Solution: Write $S=\mathrm{Range}(T)=\{T(x) \colon x \in V\}$. To prove that $S$ is a subspace of $W$ we must verify that the answer to the following three questions is "yes":
- Is $S \subset W$?
- Does $S$ contain the zero vector of $W$, $\vec{0}_W$?
- Is $S$ closed under vector addition and scalar multiplication?
To answer 1, notice that $S$ contains points of the form $T(x)$ for $x \in V$. By the definition of a function, we know that $T(x) \in W$ because it must lie in the codomain of $T$. Hence all points in $S$ lie in $W$.

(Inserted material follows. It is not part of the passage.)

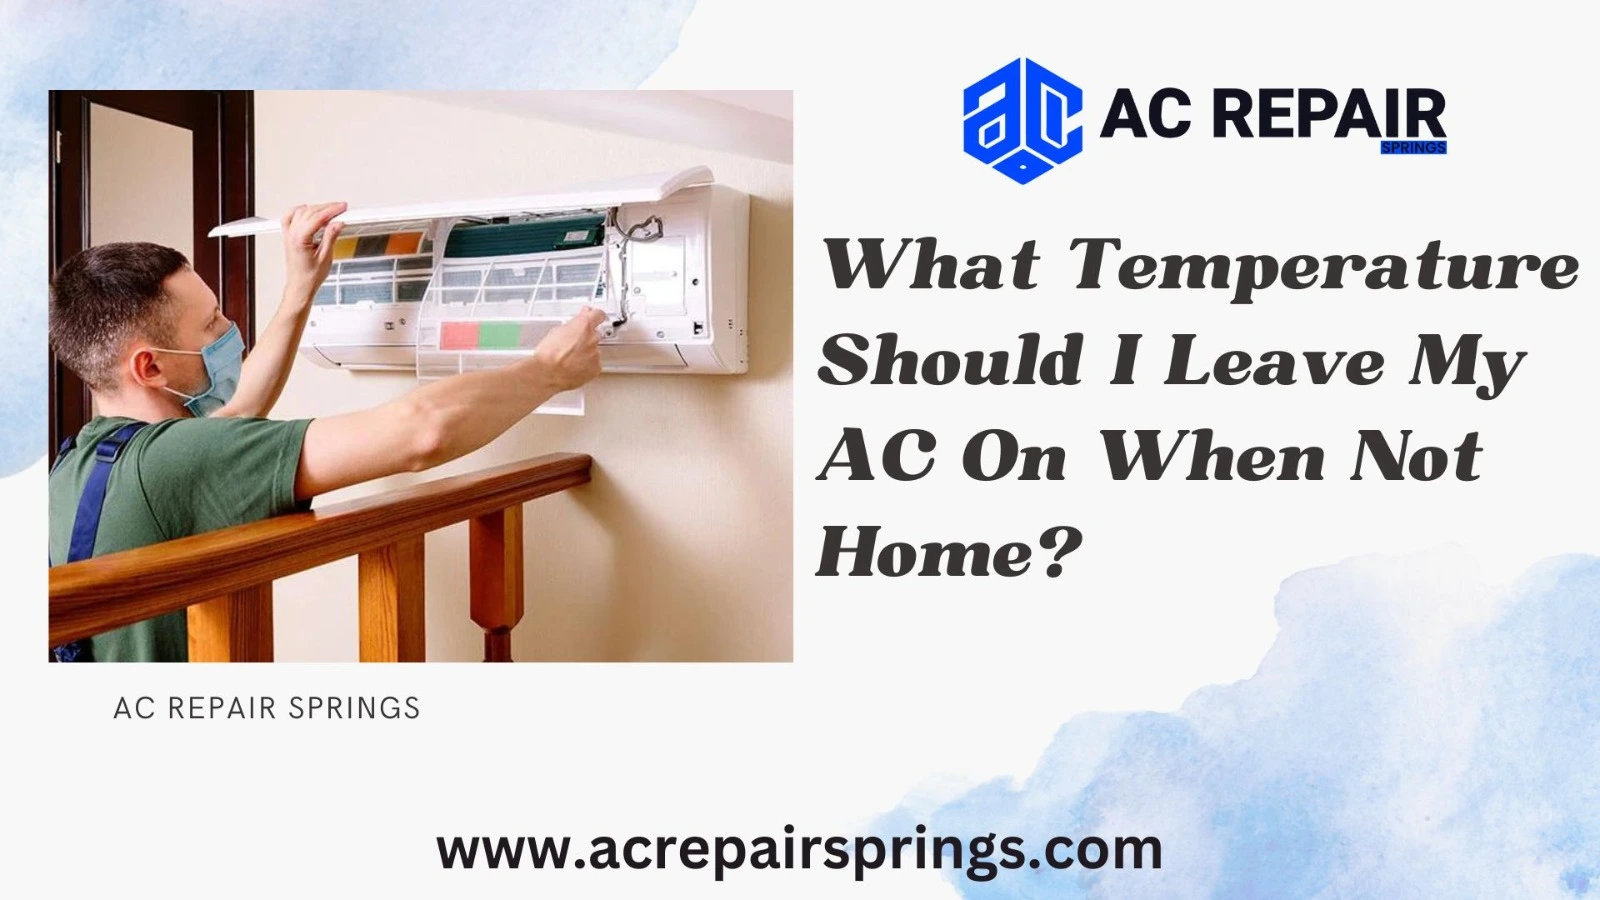 What Temperature Should I Leave My AC On When Not Home?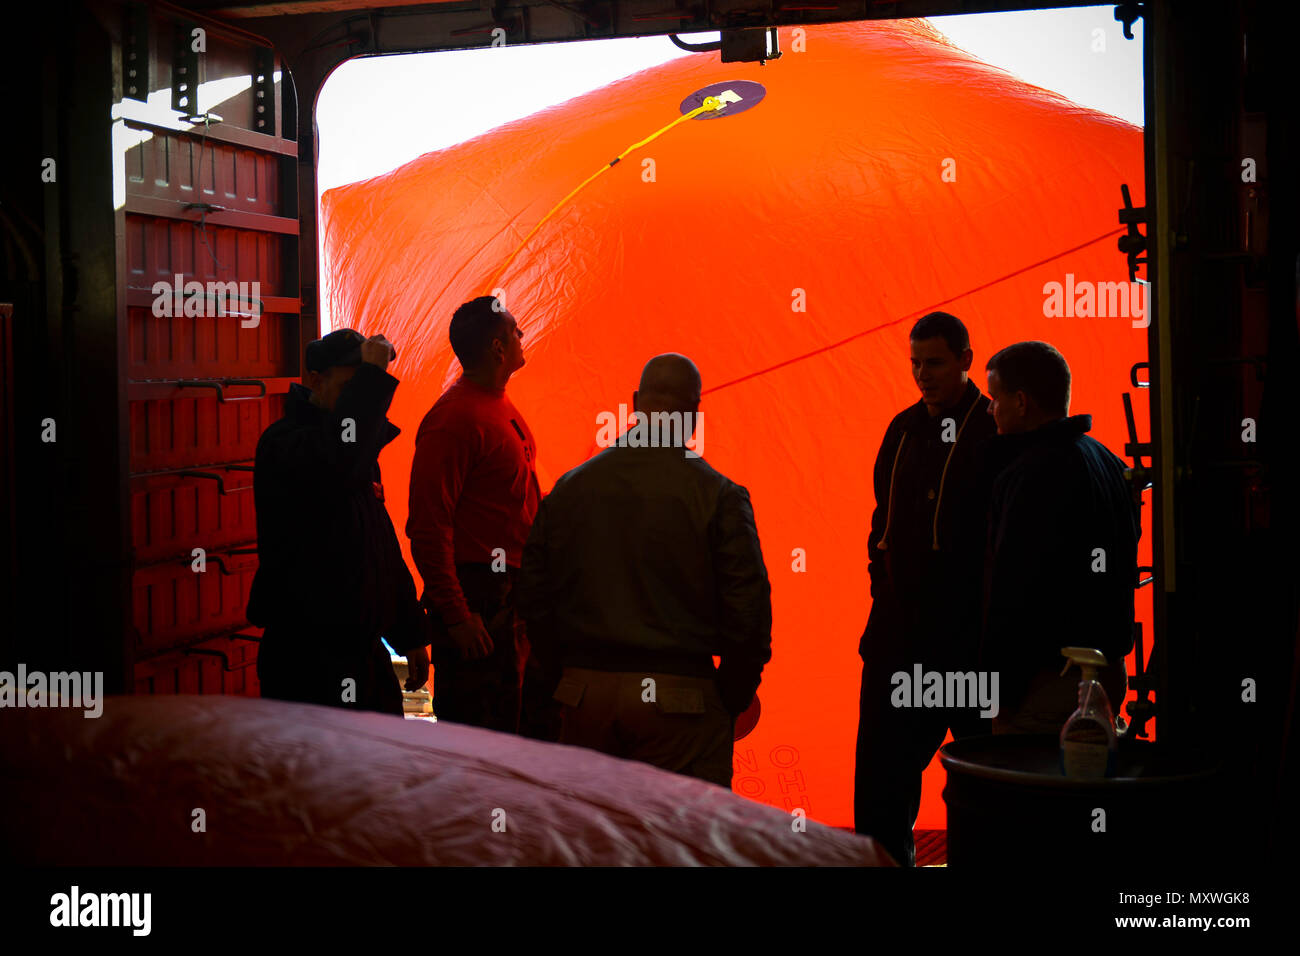 ATLANTIC OCEAN (Dec. 10, 2016) – Sailors prepare to push a “killer tomato” over the side of amphibious assault ship USS Iwo Jima (LHD 7) for a life fire training exercise. Iwo Jima is underway pursuing mobility-engineering (MOB-E) and mobility-seaman (MOB-S) certifications as part of the ship’s pre-deployment qualification process. (U.S. Navy photo by Petty Officer 3rd Class Jess E. Toner/Released) Stock Photo

To answer 2, recall that that $T(\vec{0}_V)=\vec{0}_W$ which is a consequence of the following calculation (where we use the fact that $T$ is a linear transformation):
$$T(\vec{0}_V) = T(0\cdot \vec{0}_V) = 0T(\vec{0}_V) = \vec{0}_W.$$
To answer 3, let $p,q \in S$ and $\alpha,\beta$ be scalars. We must argue that $\alpha p + \beta q \in S$. Since $p,q \in S$ we know there exist vectors $x_p,x_q \in V$ such that $T(x_p)=p$ and $T(x_q)=q$ and since $V$ is a vector space, we also know that $\alpha x_p + \beta x_q \in V$. Therefore compute (using the fact that $T$ is a linear transformation),
$$T(\alpha x_p + \beta x_q)=\alpha T(x_p) + \beta T(x_q) = \alpha p + \beta q,$$and hence we see that $\alpha p + \beta q \in S$.
Since we have answered yes to all three questions, we may conclude that $\mathrm{Range}(T)$ is a subspace of $W$.